I have a simple problem with Python, but would need it to be solved in less than a minute.
I have two 1D numpy arrays, x1 and x2 which can have different sizes, but count around 300,000 -> 500,000 elements. There is no repetition, values are not necessarily sorted.
x2 represents a transformed x1 array (so x1 is before, x2 is after).
First, I can obtain which elements were "inserted" (I) or "discarded" (D), or even staying (S) between the two steps.
I = list(set(x2) - set(x1))
D = list(set(x1) - set(x2))
S = list(set(x1) & set(x2))
Now, I would like to get a "transition" (T) array which give me the change in index of the elements between the two steps.
Let me give an example:
x1 = [3,5,2,6]
x2 = [1,6,5,3,7]
We have S=[3,5,6], I=[1,7], D=[2]
Here, we have for each x1 element:
- for 3: it goes from index 0 in x1 to 3 in x2 ->
3
- for 5: it goes from index 1 in x1 to 2 in x2 ->
2
- for 2: it gets discarded ->
nan
- for 6: it goes from index 3 in x1 to 1 in x2 ->
1
So I would like T to be [3, 2, nan, 1]
(associated with I = [1,7]
, I have all the information I actually need.
My first (simple) idea was to do:
T = []
for i in range(len(x1)):
for j in range(len(x2)):
if x1[i] == x2[j]:
transition[i] = j
break
However, the time to solve that is very large. So what I am looking for is a time-efficient way of creating this "transition array", and also to know how such thing is called in a more formal way.
Can anybody help me?
CodePudding user response:
There are array functions like np.unique
, np.argsort
, np.isin
, np.in1d
that can be used to test for set like operations. I believe there are some other related set
functions.
But a basic way of comparing arrays is with an outer '==':
In [60]: x1 = [3,5,2,6]; x2 = [1,6,5,3,7]
In [61]: np.array(x1)[:,None]==np.array(x2)
Out[61]:
array([[False, False, False, True, False],
[False, False, True, False, False],
[False, False, False, False, False],
[False, True, False, False, False]])
Going down the rows, 0,1,3 have one True, 2 has none. That looks like your T
.
Going across columns, 0 and 4 are all False. That's your I
.
In [62]: Out[61].any(axis=1)
Out[62]: array([ True, True, False, True])

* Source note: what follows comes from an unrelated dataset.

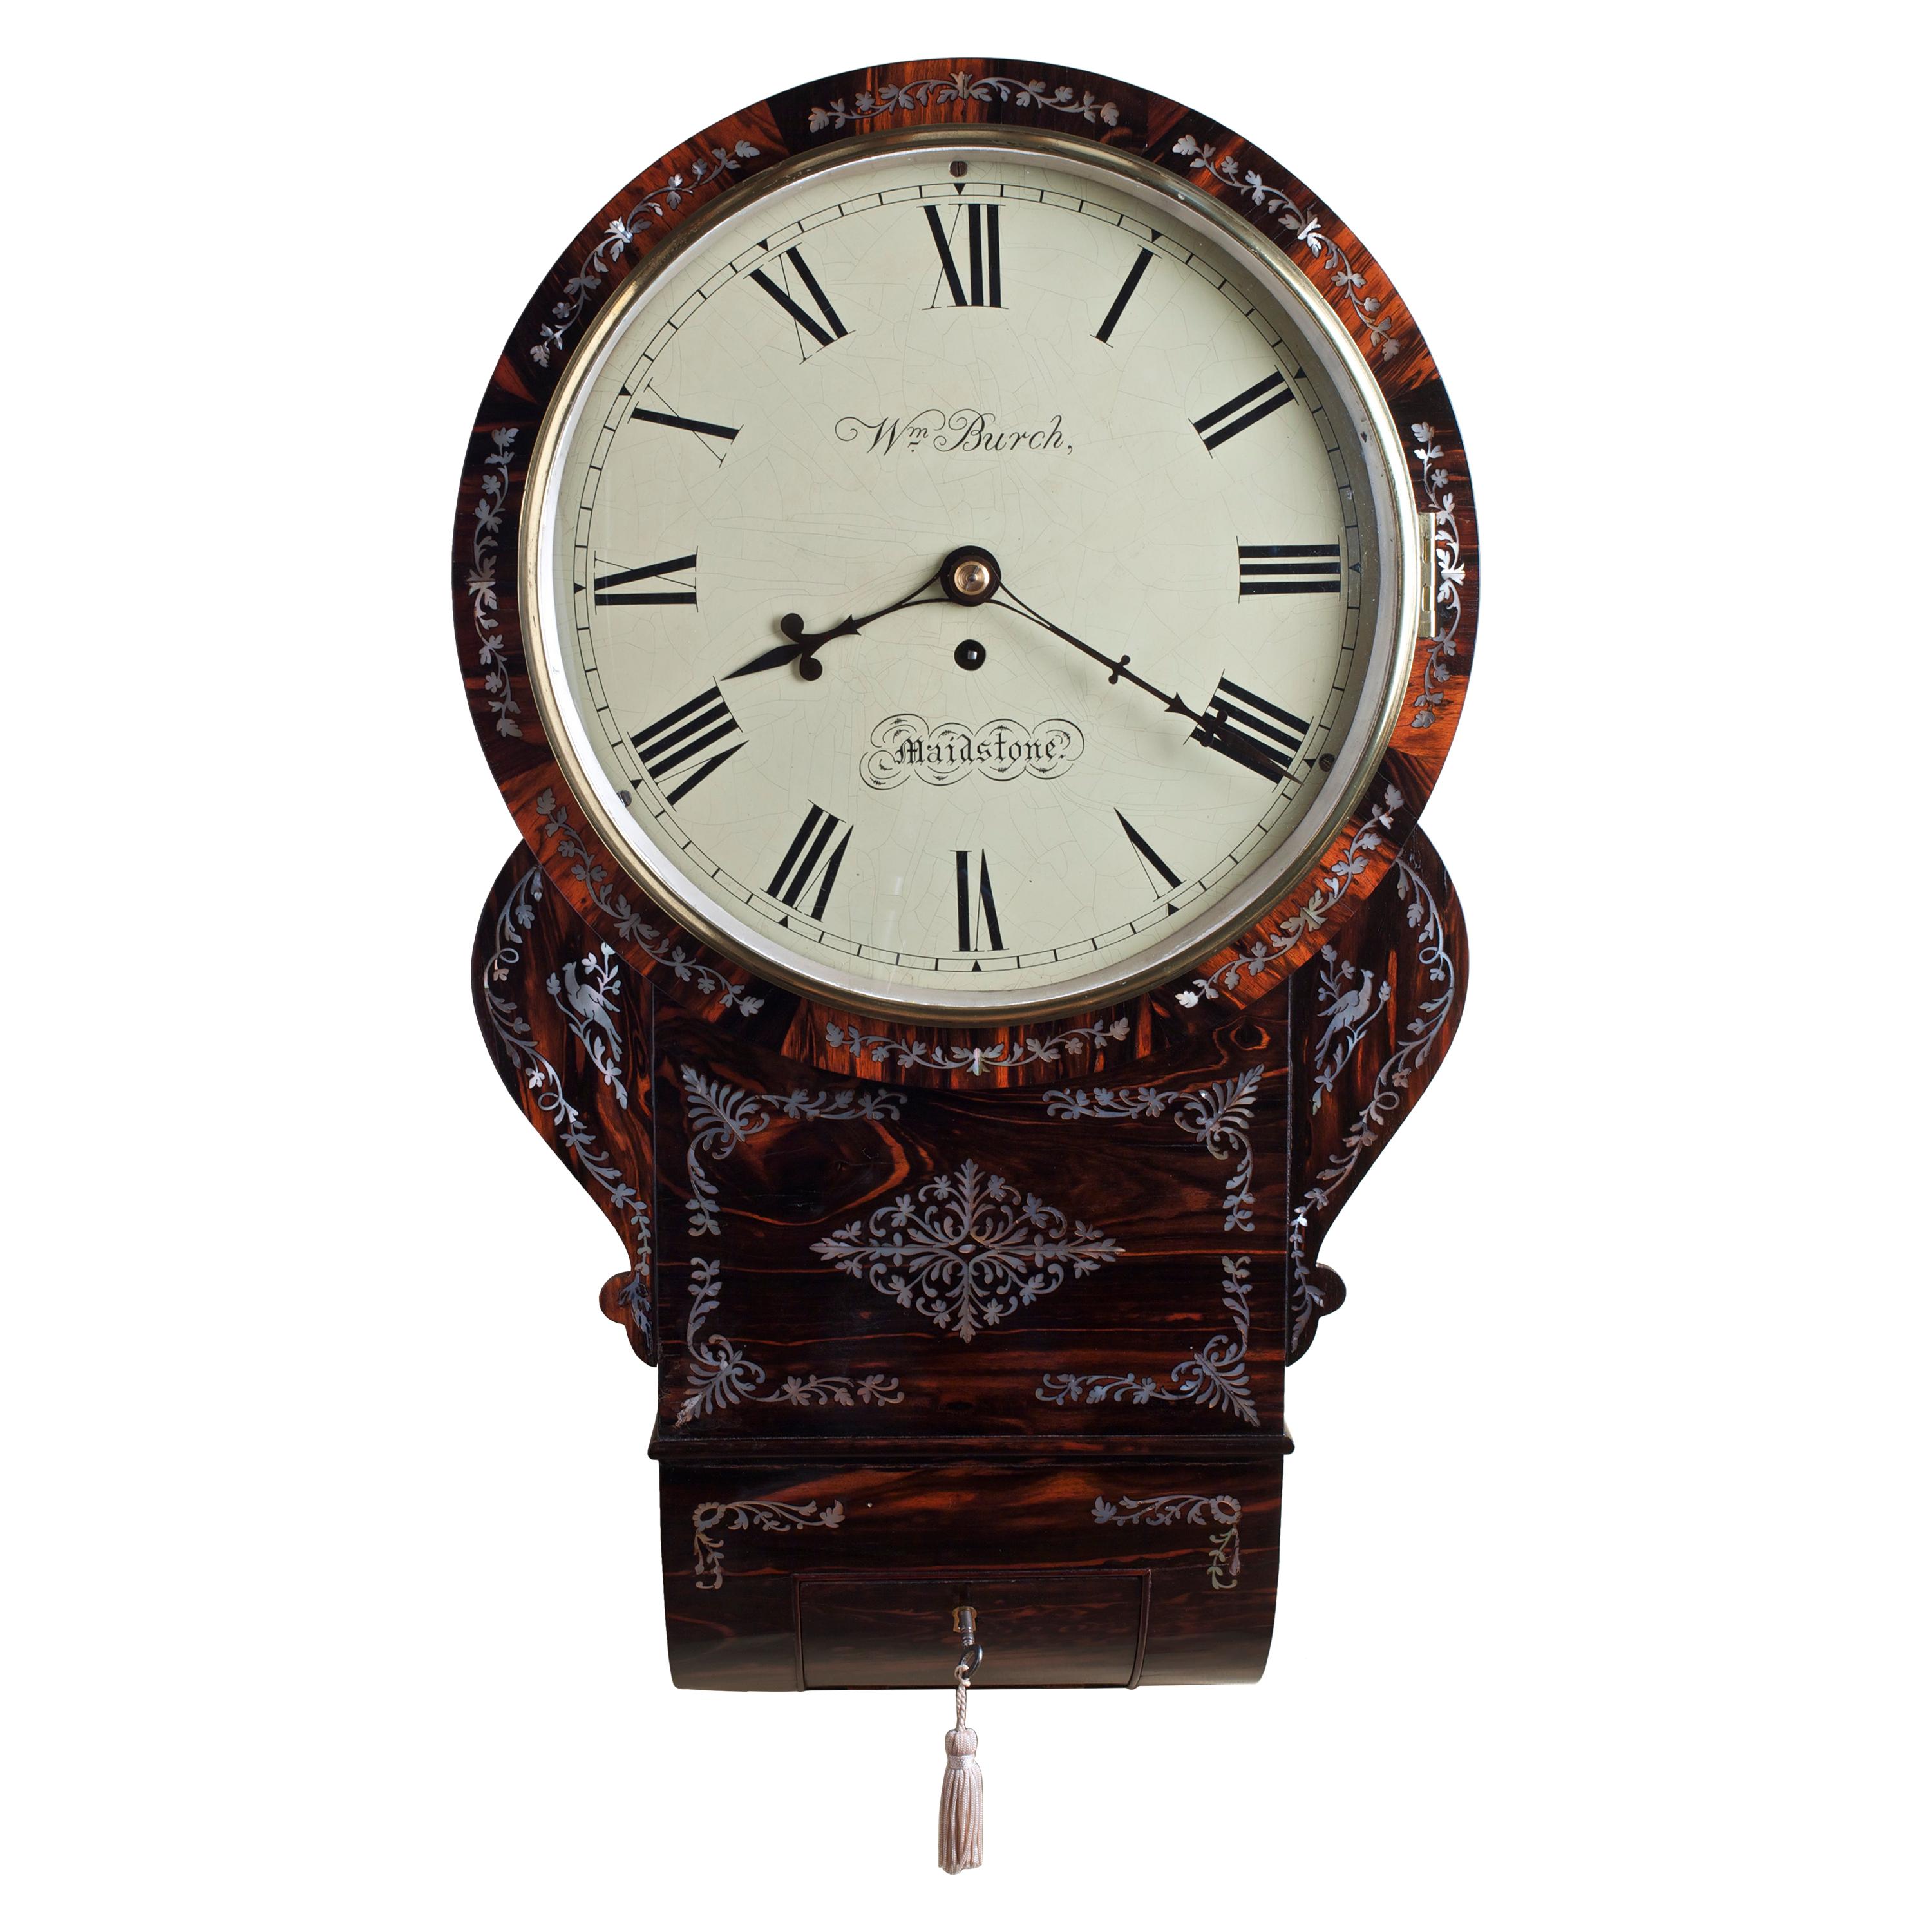 Regency English Coromandel Drop Dial Wall Clock by William Burch, Maidstone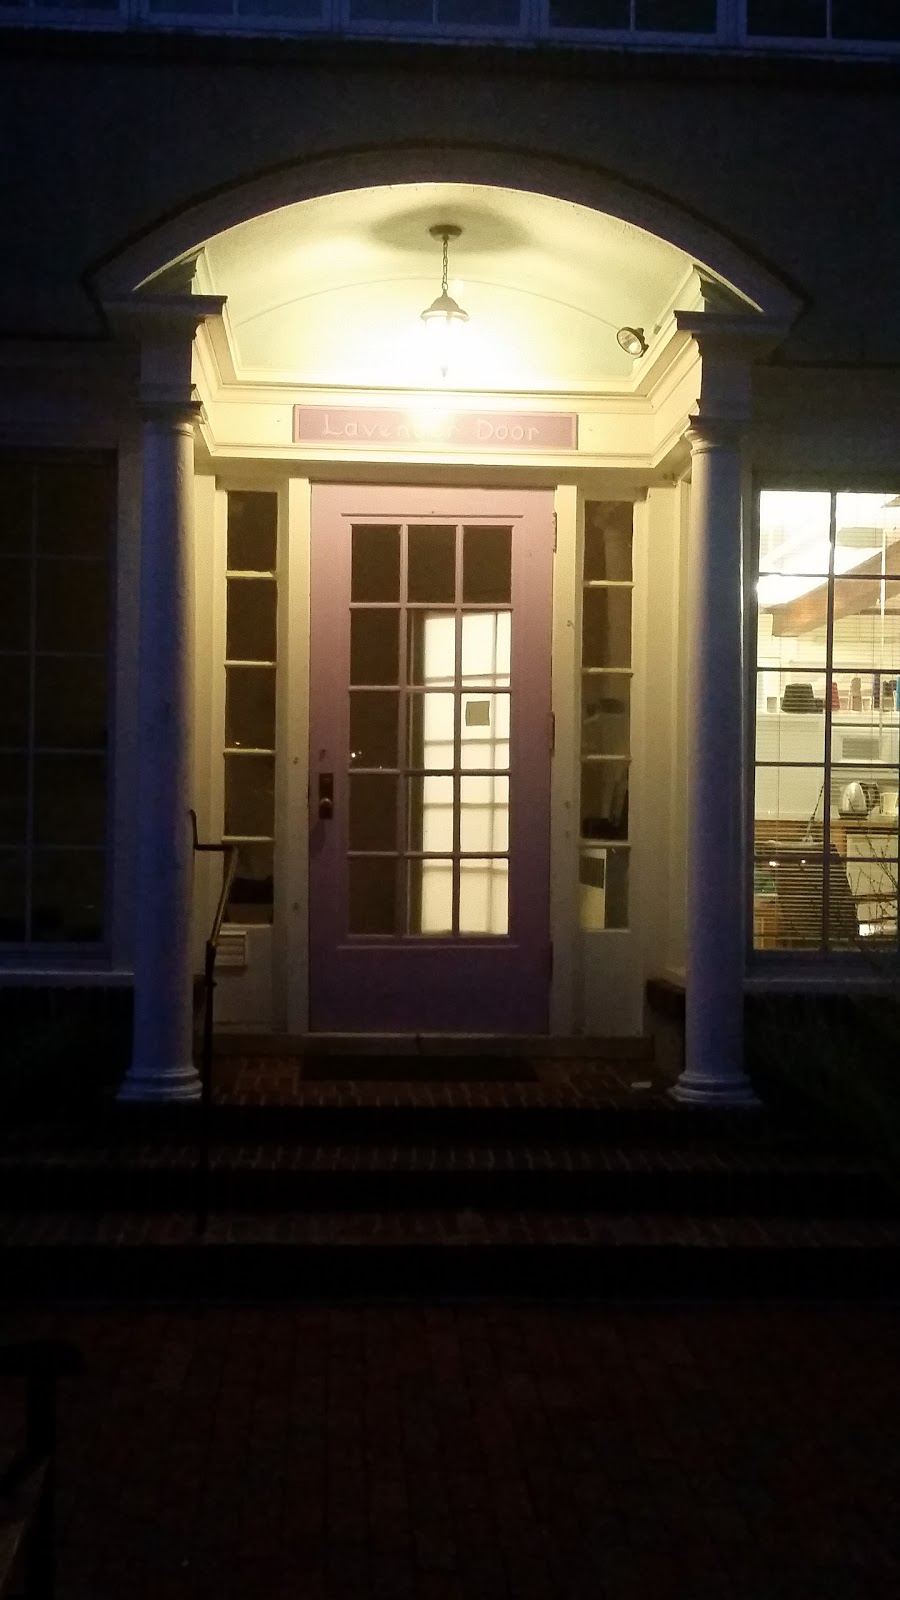 The Lavender Door Gallery | 37 Main St, Stockbridge, MA 01262 | Phone: (413) 931-5317

In [63]: np.array(x1)[Out[61].any(axis=1)]
Out[63]: array([3, 5, 6])
In [64]: np.array(x2)[Out[61].any(axis=0)]
Out[64]: array([6, 5, 3])
In [65]: np.array(x2)[~Out[61].any(axis=0)]
Out[65]: array([1, 7])
CodePudding user response:
Thank you for your answer. Based on this, I wrote this script that gives T and I.
import numpy as np
import random
N = 350000
x1 = np.array(random.sample(range(N), int(N)))
x2 = np.array(random.sample(range(N), int(N)))
M = x1[:,None]==x2
r = np.argwhere(M)
T = np.nan * np.ones(x1.shape)
T[r[:,0]] = r[:,1]
I = np.where(np.isnan(T))[0]
This is more efficient, but still takes around 6 minutes for this to run. Is there anything I should do to accelerate this?